Saakshi Nagpal

Archive for the tag “Sadness”

Love yourself

Hey Guys and pretty gals !

Whatz up ?

February has come, and has brought along the season of love ❤ , love is in the air …isn’t it ? Radio is playing only love songs, websites are flashing dating tips and valentine ideas. Markets are decorated with colors of red, heart shaped balloons are sold on every traffic signal.
 
It’s all mushy – mushy feelings inside every young heart. Want to dress up nicely, look your best, struggling to find one perfect gift, filtering love songs for a romantic playlist, planning romantic getaways or that elusive date. Just love and happiness all around. Icing on the cake , end of season sale is still on ( 🙂 ). Dil to bacha hai jee ….

So why is it, that out of 12 months we feel February to be the most romantic. We have 365 days in a year , but we celebrate 14th of Feb as the Day of Love. Oh man, all we ever want is LOVE, then why do we celebrate this for just one day.

Ah ! Well I am not the person to answer this; rather I should not be doing so. Valentine day is for the people who are in love, and I assume I am (at present) in love with this random hobby of writing. If I look at my blog stats I am celebrating it once in a week (for a novice, its fair enough).

Winters are always looked upon, thanks to poets, as a sad, rude, and blue, with cold emotions. Somehow I can relate to it. Long term illness (struggling with allergic dry cough for more than 70 days is tough, trust me !) and few unfavorable unexpected situations made me little unfocused and burn out this winters. I am tired and want to be back. This sadness and the feeling of despair is ruining me, need a break now.  I took a short break from writing, just to avoid spreading sadness. Though all this time I felt blessed with the love you have shown and bestowed me with positive energy. I love all the comments (on blog), they are fantastic. Thanks for your support.

Spring is the season of love, full of hopes, colors and youthfulness. It’s the perfect time to pull up my socks and wake up the ‘why not’ or ‘let’s do it’ side of me (I am so missing that).
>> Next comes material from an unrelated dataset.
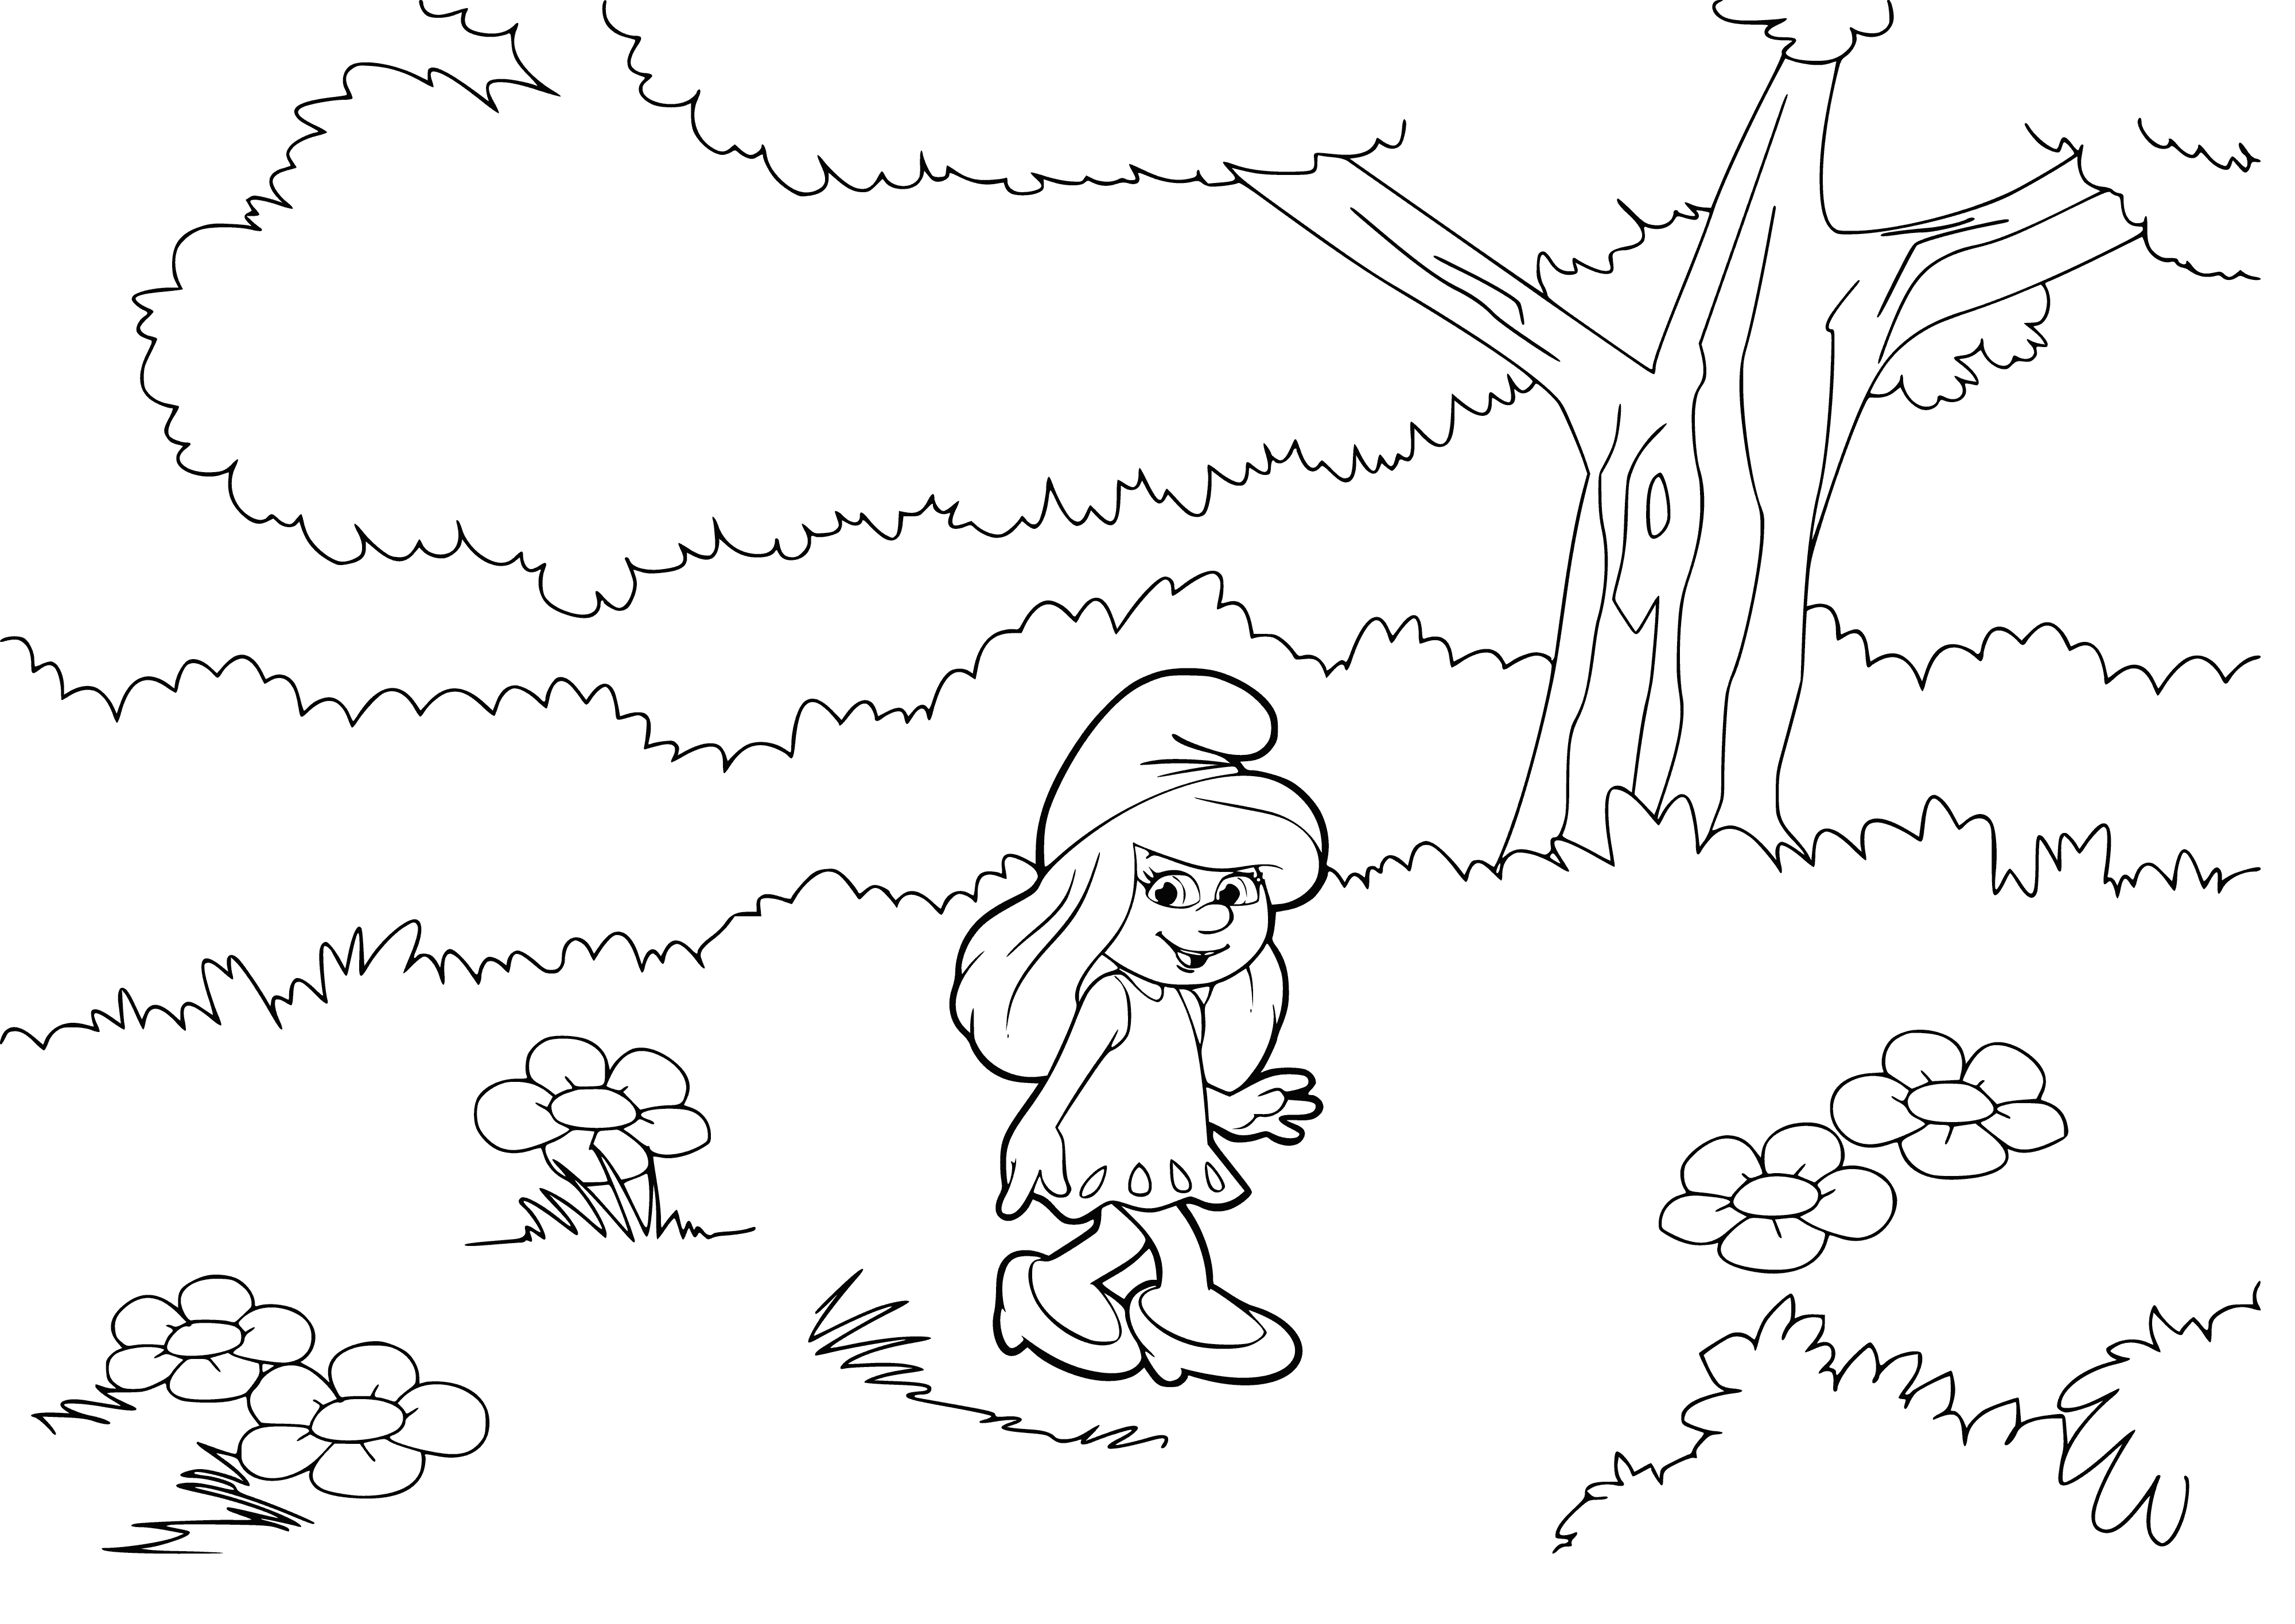 Smurfette coloring page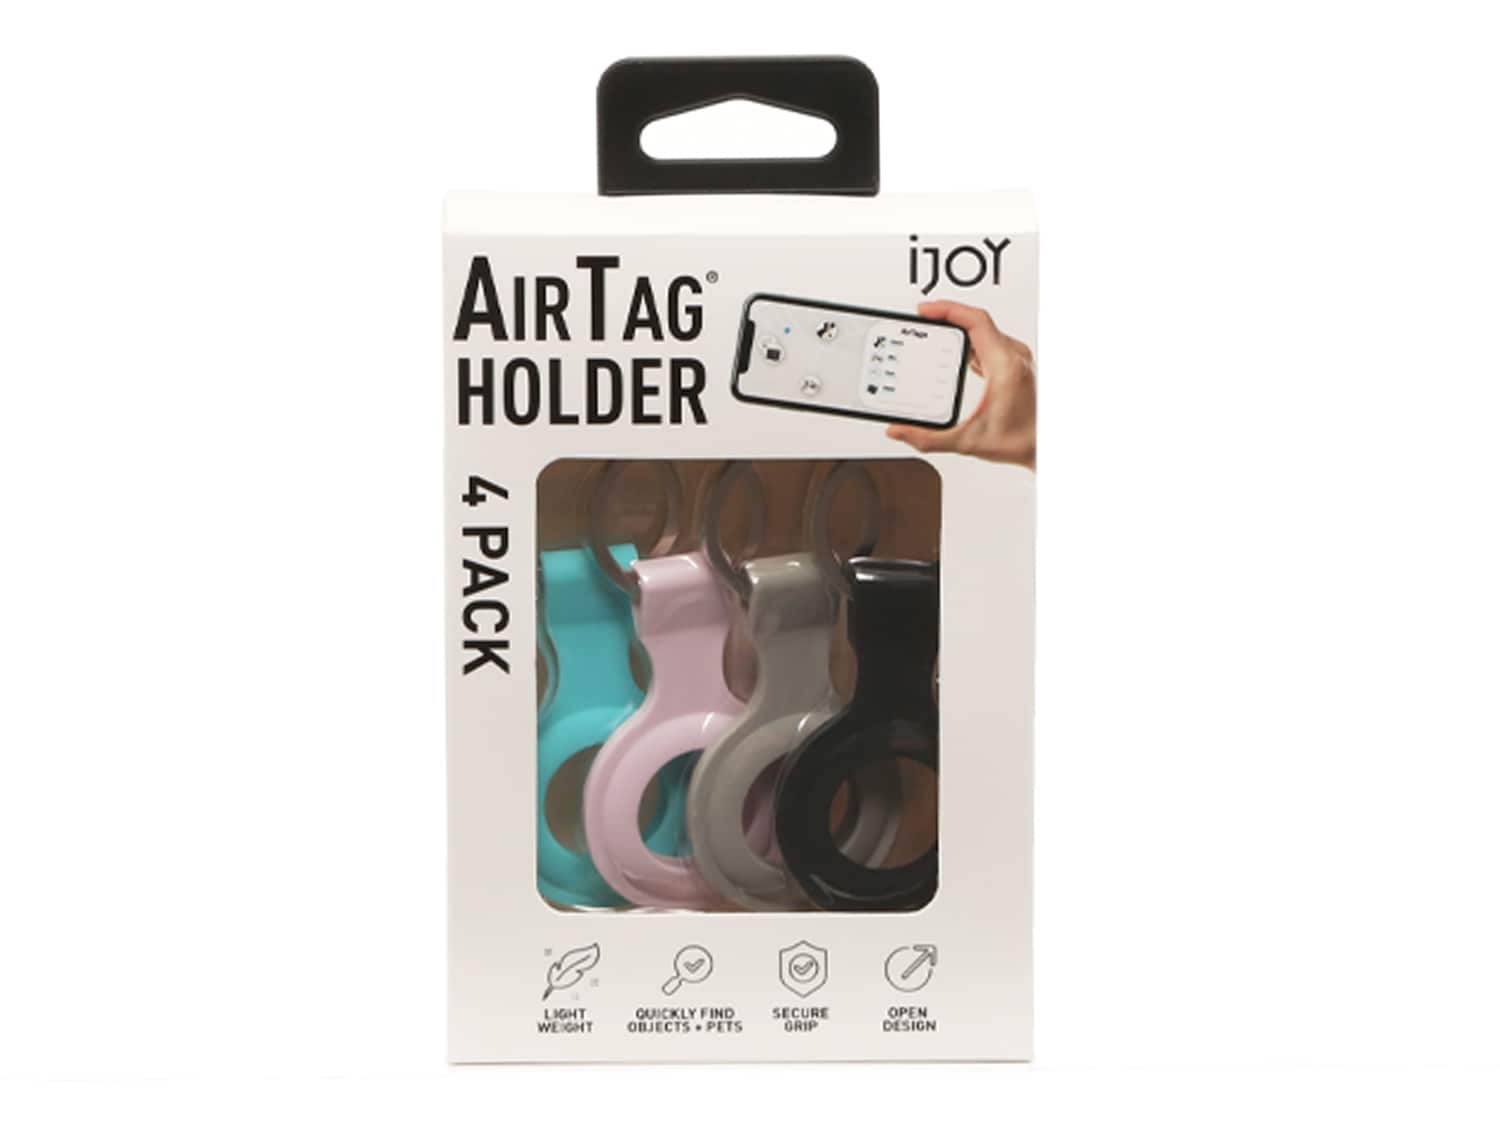 ijoy Air Tag Keychain Holder Assortment Pack IJATAST01 - The Home Depot

 I am helping myself and have started doing the things I always love to do.

1.       Cooking

I am a foodie. Loves to cook, serve and eat. Due to cough was avoiding standing in kitchen and then scared with the very thought of doing the dishes with freezing water.This season, will experiment on some continental dishes.

 2.       Reading

Someone suggested few books , to help me find the answer to ‘who I am , what I am doing …. Bla bla ‘ . And Voila….Shantaram is in my hand , these days.

3.       Music

 Enrique Iglesias, I love you. I am listening all those sexy – dulicit tones again and again. As you Enrique say ‘I will survive’, I will.

4.       Dance

Wish to dance like a free bird and put my heart out. It’s soothing, relaxing and a great workout. ( I just don’t like gym environment). Who knows I may give Sheila, Munni , Chameli , Jalebi bai ,  a decent competition … LOL !!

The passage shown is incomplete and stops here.